Listed Building – Grade II
- Official name: The Chattri
- Designated: 20 August 1971
- Reference no.: 1379911

= The Chattri =

War memorial in Brighton and Hove, England

The Chattri is a First World War memorial near Patcham (part of the city of Brighton and Hove) on the south coast of England. It was unveiled in 1921 in memory of 74 Indian soldiers who died in military hospitals in Brighton, particularly the 53 Hindus and Sikhs who were cremated on the site. More than a million Indians fought in the British Indian Army during the First World War (1914–1918), of whom 140,000 served in Europe. Over 4,300 were treated in temporary hospitals in Brighton between December 1914 and February 1916 and the Hindus and Sikhs who died there were cremated at a remote hilltop location. A proposal for a memorial on the cremation site was advanced by the mayor of Brighton and funding was agreed between the local council and the British government.

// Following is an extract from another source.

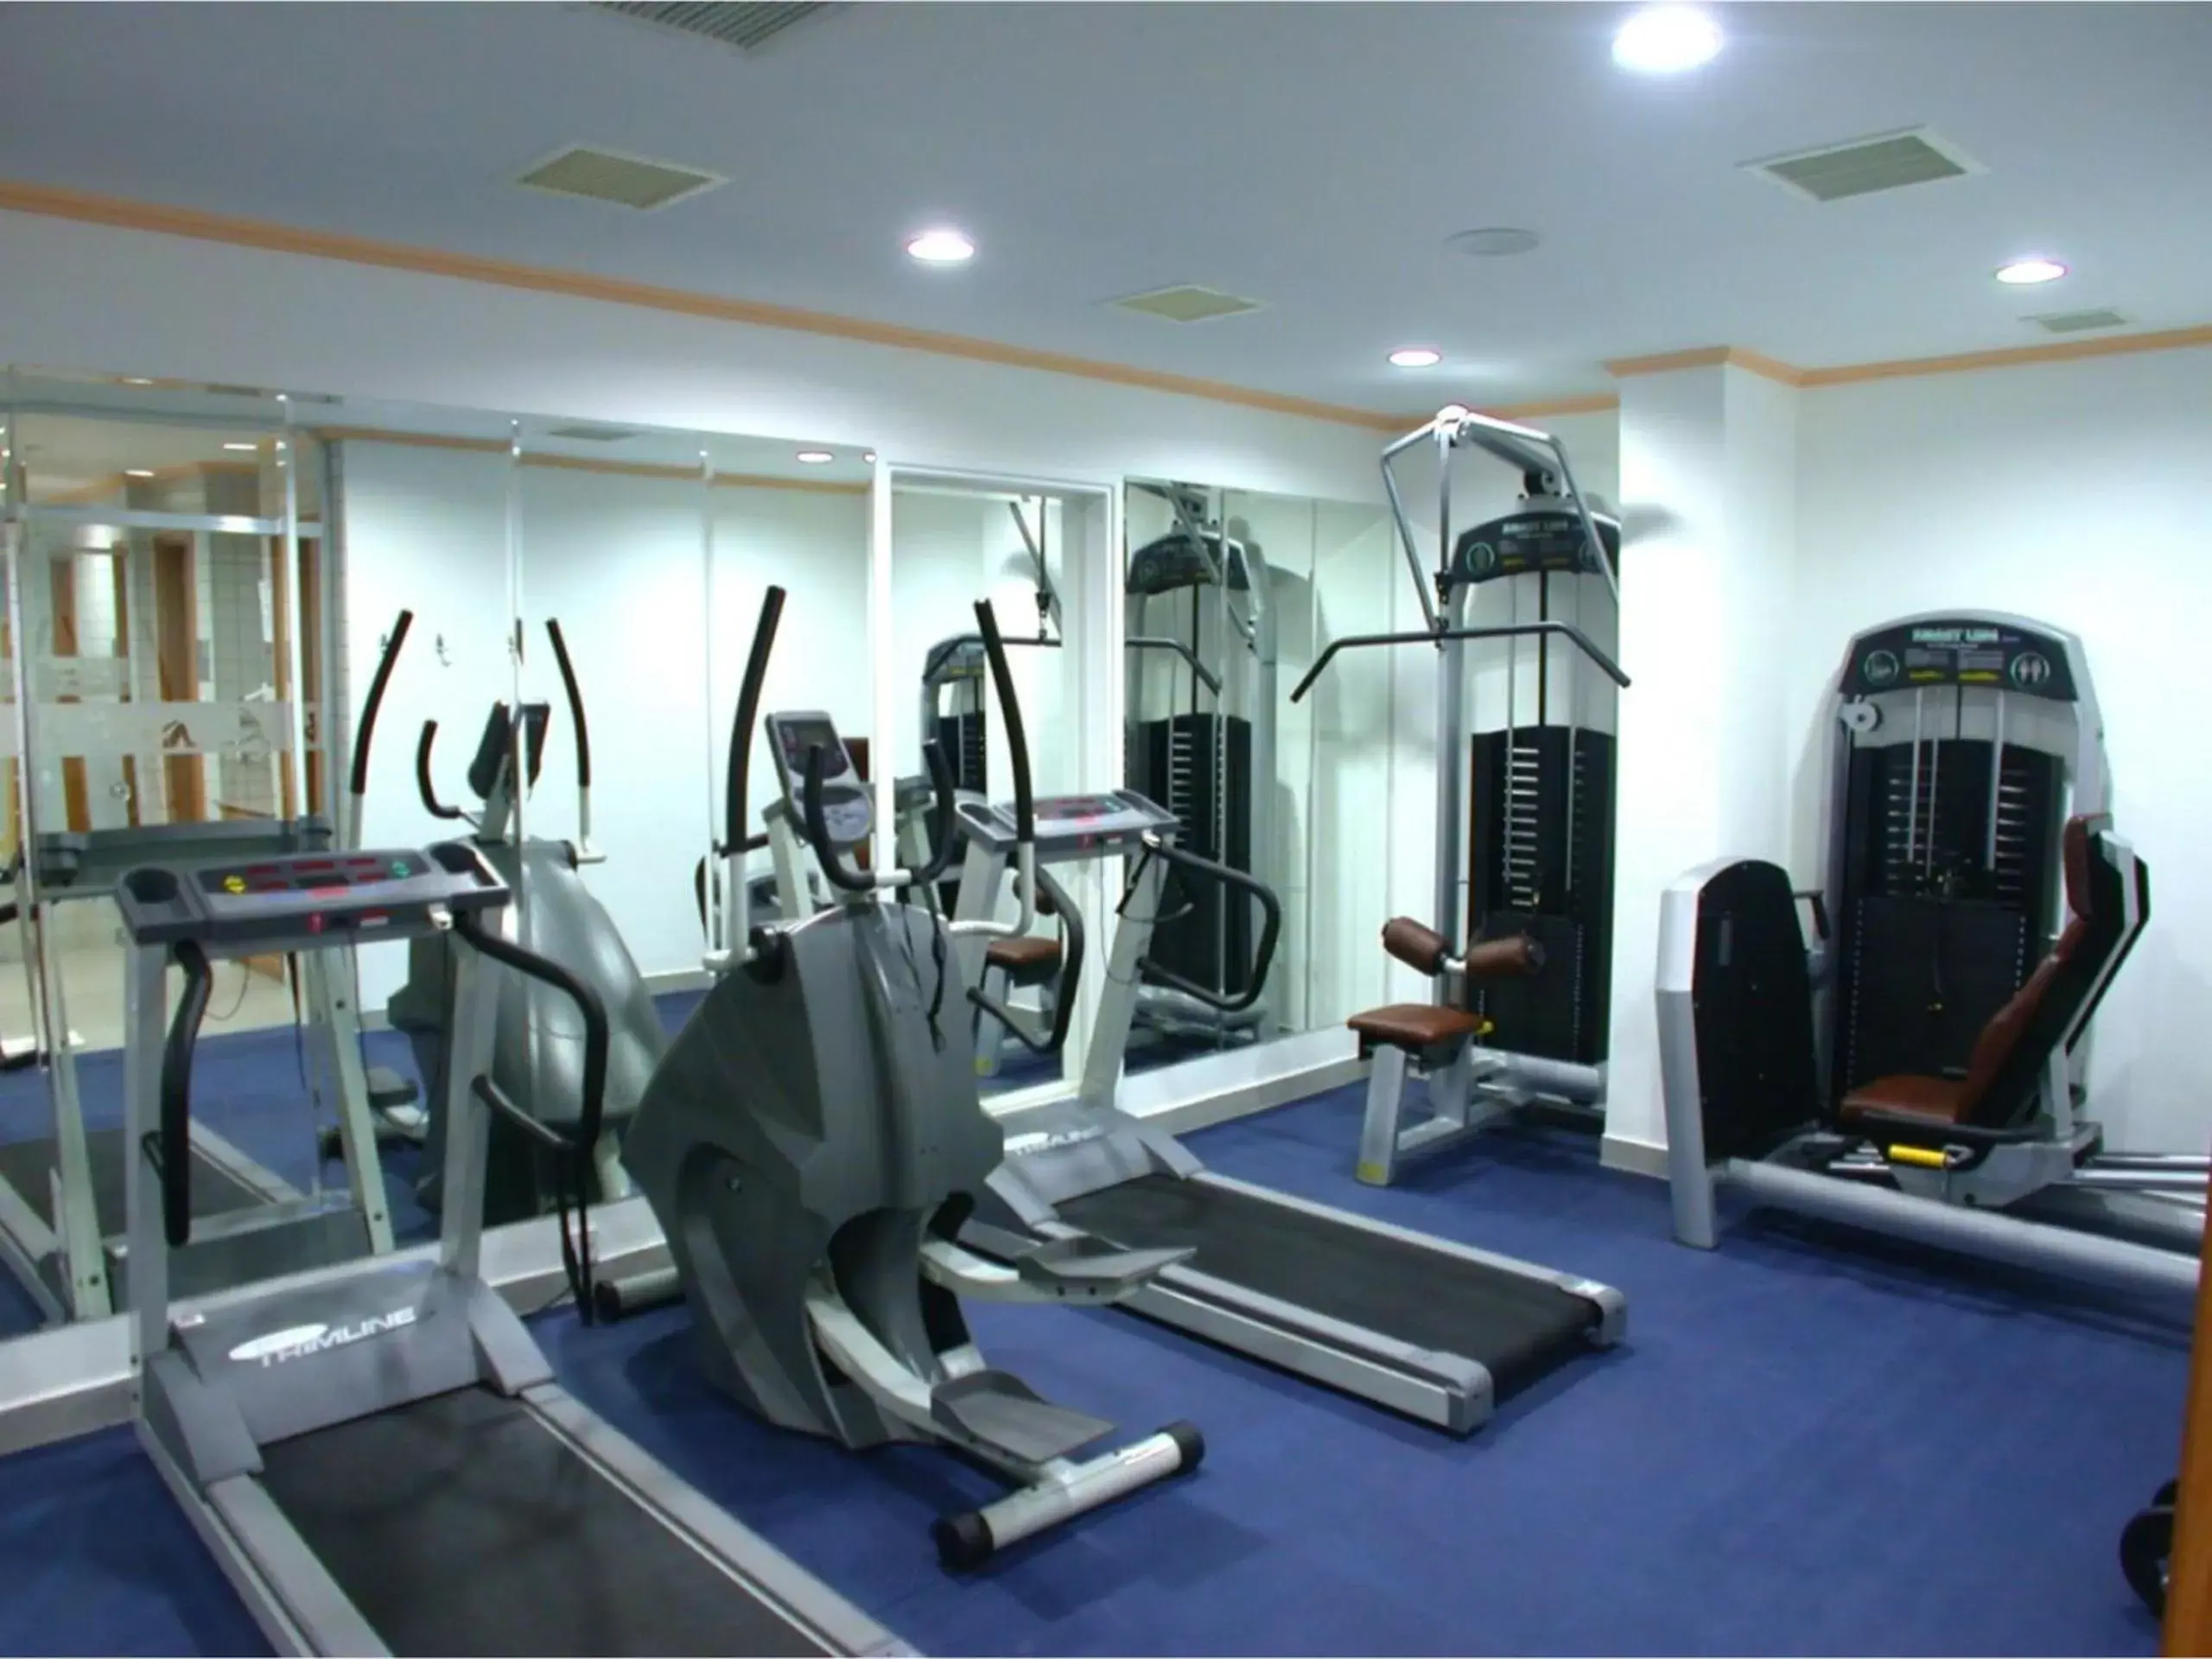 Fitness centre/facilities, Fitness Center/Facilities in Denizkizi Hotel

The monument was designed by Elias Cosmas Henriques under the supervision of Sir Samuel Swinton Jacob, and takes the form of a chattri or chhatri ( in several Indian languages), an elevated dome-shaped pavilion. The dome is in white marble and stands on one end of a grey stone terrace, which covers the ghats (funeral pyres) used for the cremations. The unveiling ceremony took place on 1 February 1921, presided over by Edward, Prince of Wales. The monument was subsequently allowed to fall into disrepair and was damaged by rifle practice in the Second World War. The Royal British Legion organised a pilgrimage to the Chattri in 1932 and then annually from 1951 to 1999, when the ceremony was taken over by the local Sikh community.

Academics have suggested that the Chattri's purpose was to promote Indian unity within the British Empire and to show that the Indian casualties were treated with respect. Susan Ashley suggested that its neglect after the unveiling ceremony was evidence of the British government's insincerity, but that it had been repurposed by the local community. The Commonwealth War Graves Commission unveiled a separate memorial on the same site in 2010. The Chattri is a Grade II listed building.

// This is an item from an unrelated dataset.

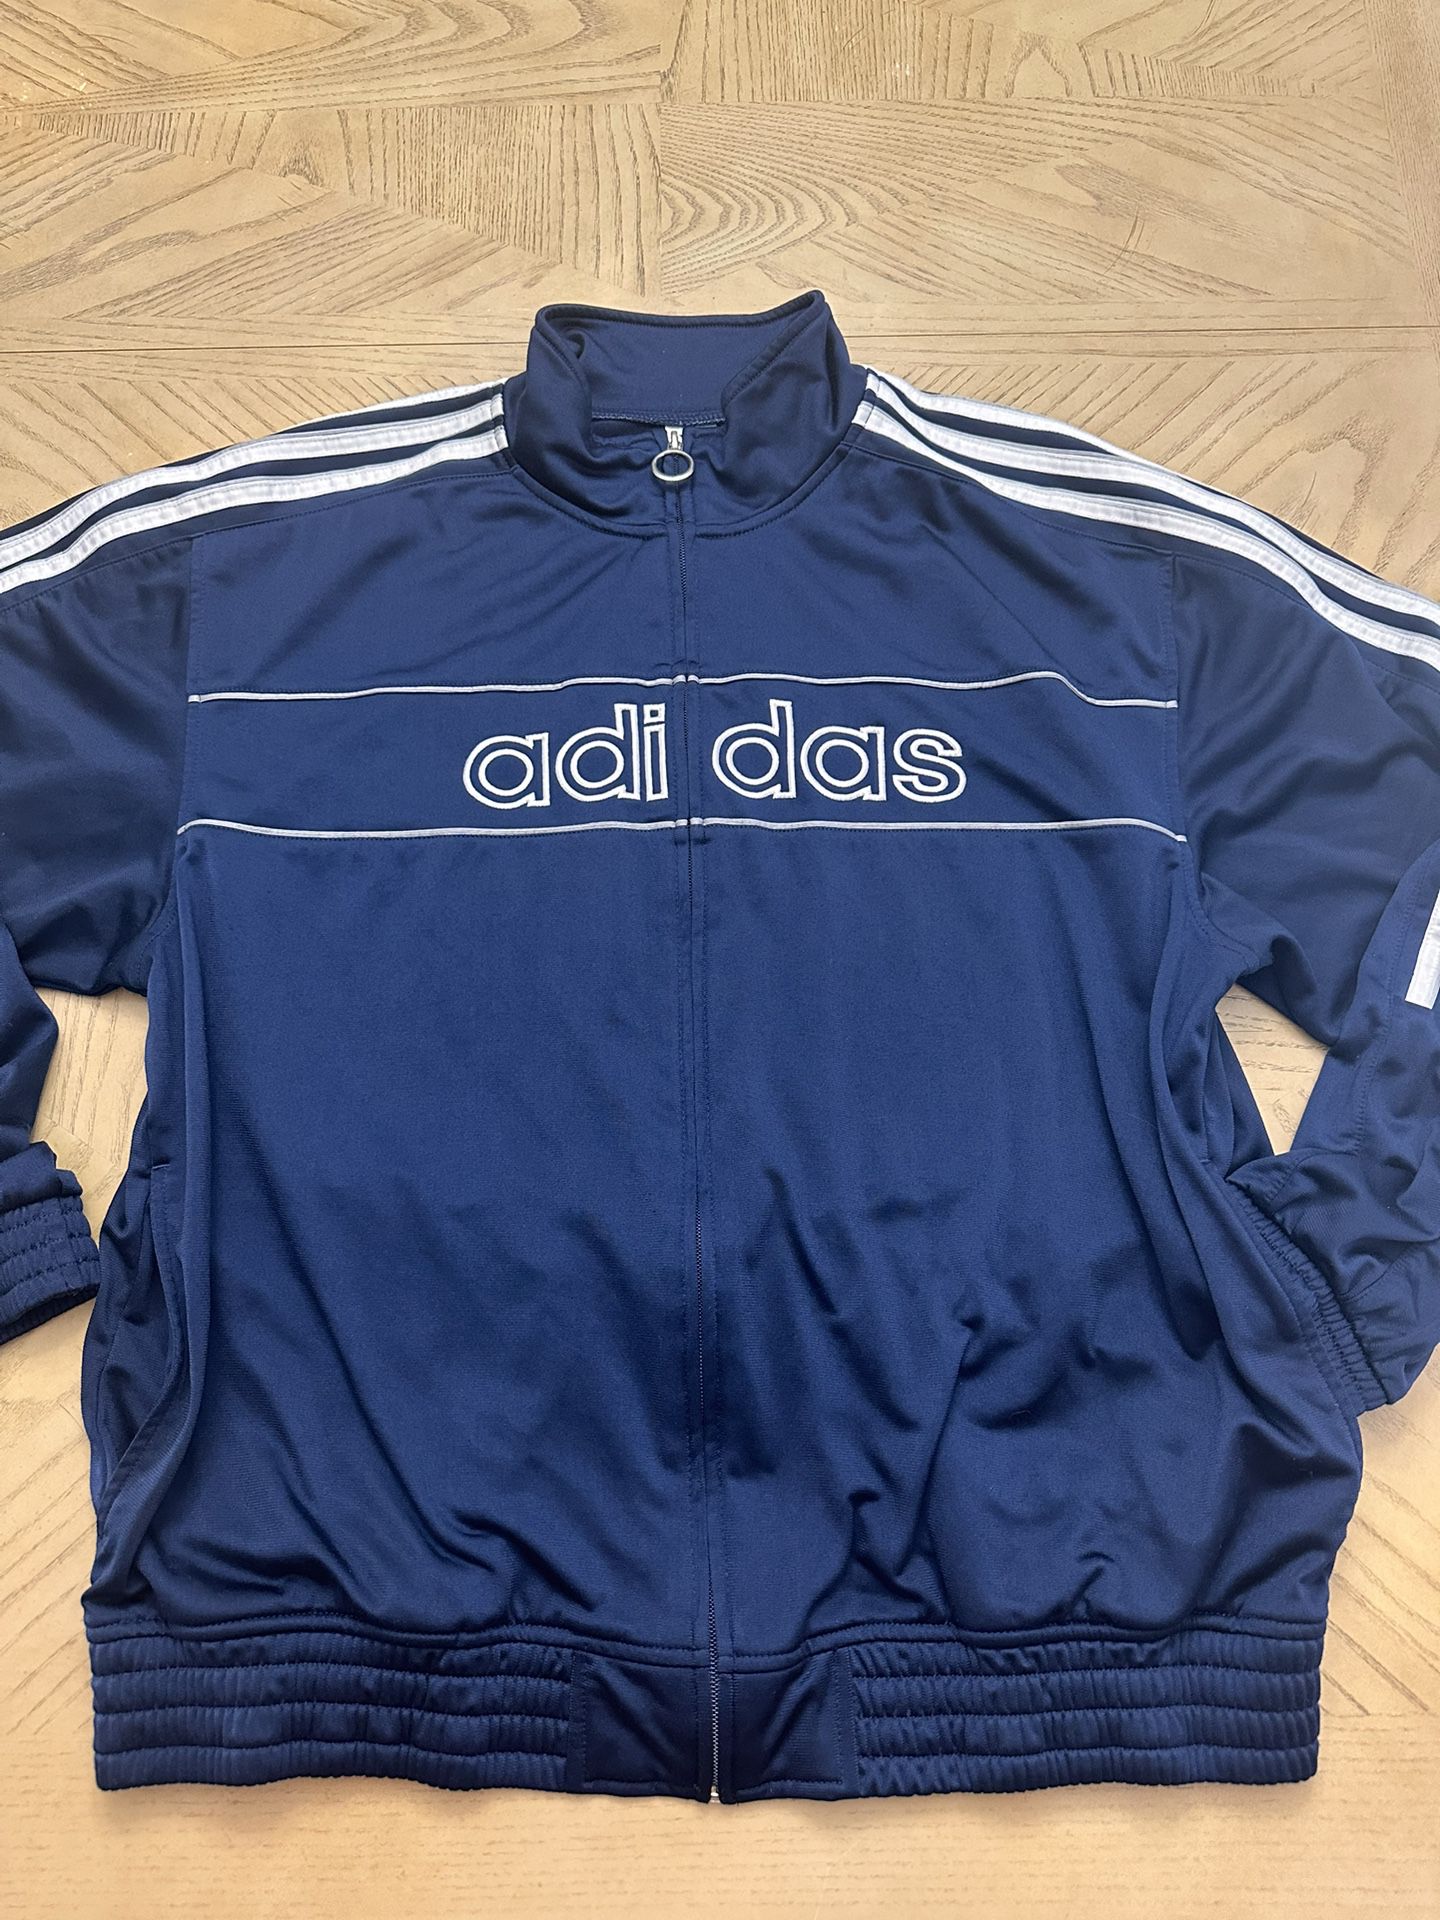 Adidas Blue & White Zip Up Warm Up Jacket Men's Large

== Background: Indian soldiers in Brighton ==

The United Kingdom entered the First World War in August 1914 and began deploying troops to France and Belgium. At the time, India was part of the British Empire and the Indian Army was under British command. The British government quickly decided to deploy Indian soldiers to the Western Front, although the Indian Army was generally only used in South Asia and had never previously fought in a European conflict. The deployment was intended to alleviate manpower shortages and simultaneously curb rising Indian nationalism by instilling imperial pride. The first Indian troops were dispatched in late August 1914, and arrived in France in October.

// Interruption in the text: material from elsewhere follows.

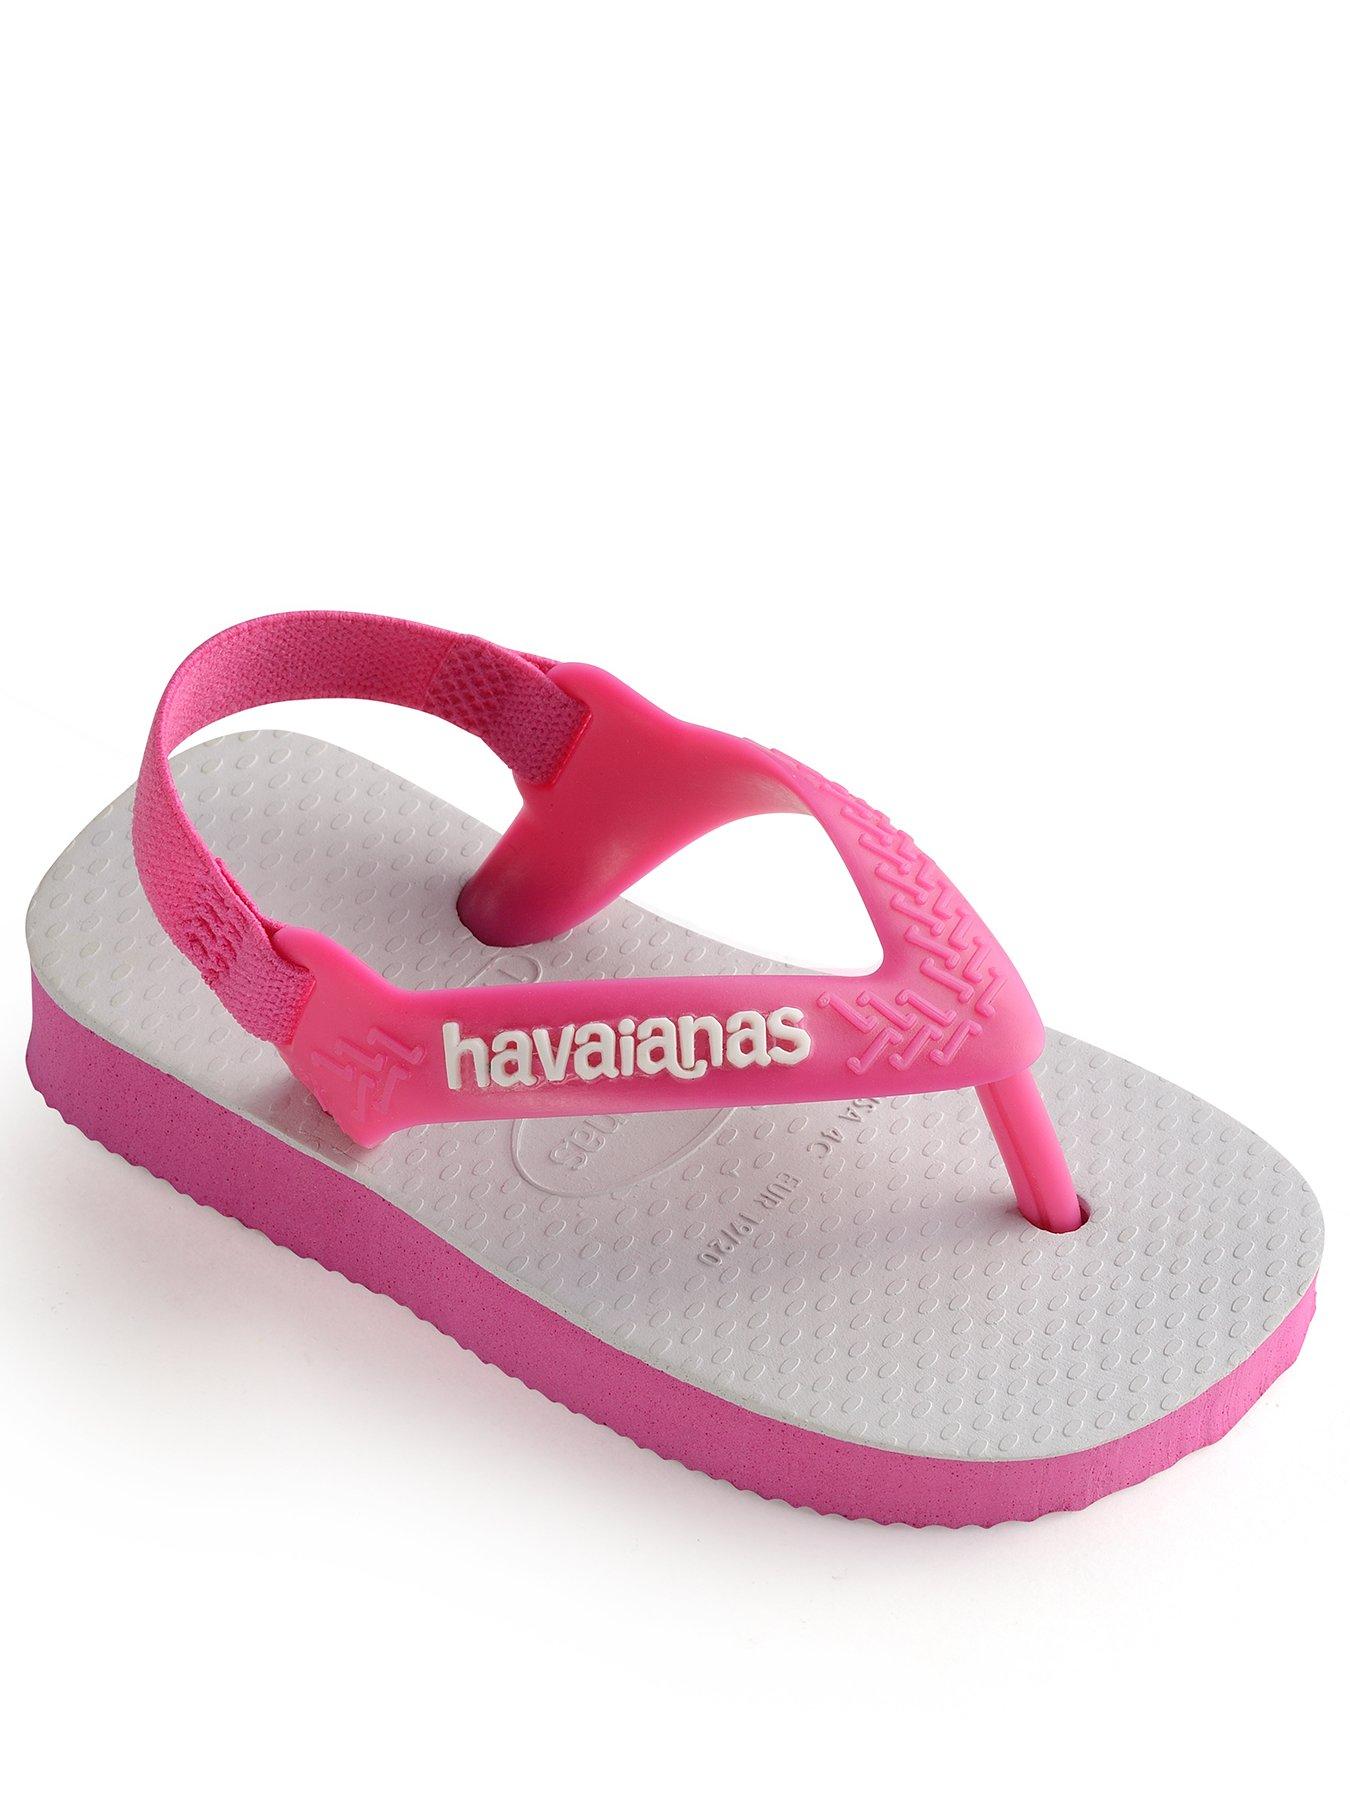 baby girl flip flop sandals

Soldiers wounded on the battlefield were initially treated in field hospitals. Those only lightly wounded were generally returned quickly to the front but many of those requiring further treatment were evacuated to England. Brighton, being a resort town on the south coast and close to major ports, was well-positioned to accommodate the evacuees. Three temporary hospitals were established in the town—one in the workhouse, one in the grammar school, and one in the Royal Pavilion complex, a former royal palace known for its Oriental-style architecture. In December 1914, 345 injured soldiers were transferred to the hospitals in Brighton by train. Careful arrangements were made to provide for the different dietary and religious requirements of the Hindus, Sikhs, and Muslims. The wounded Indians became something of a tourist attraction; among dignitaries who visited the pavilion during their stay were Lord Kitchener, King George V, and Queen Mary.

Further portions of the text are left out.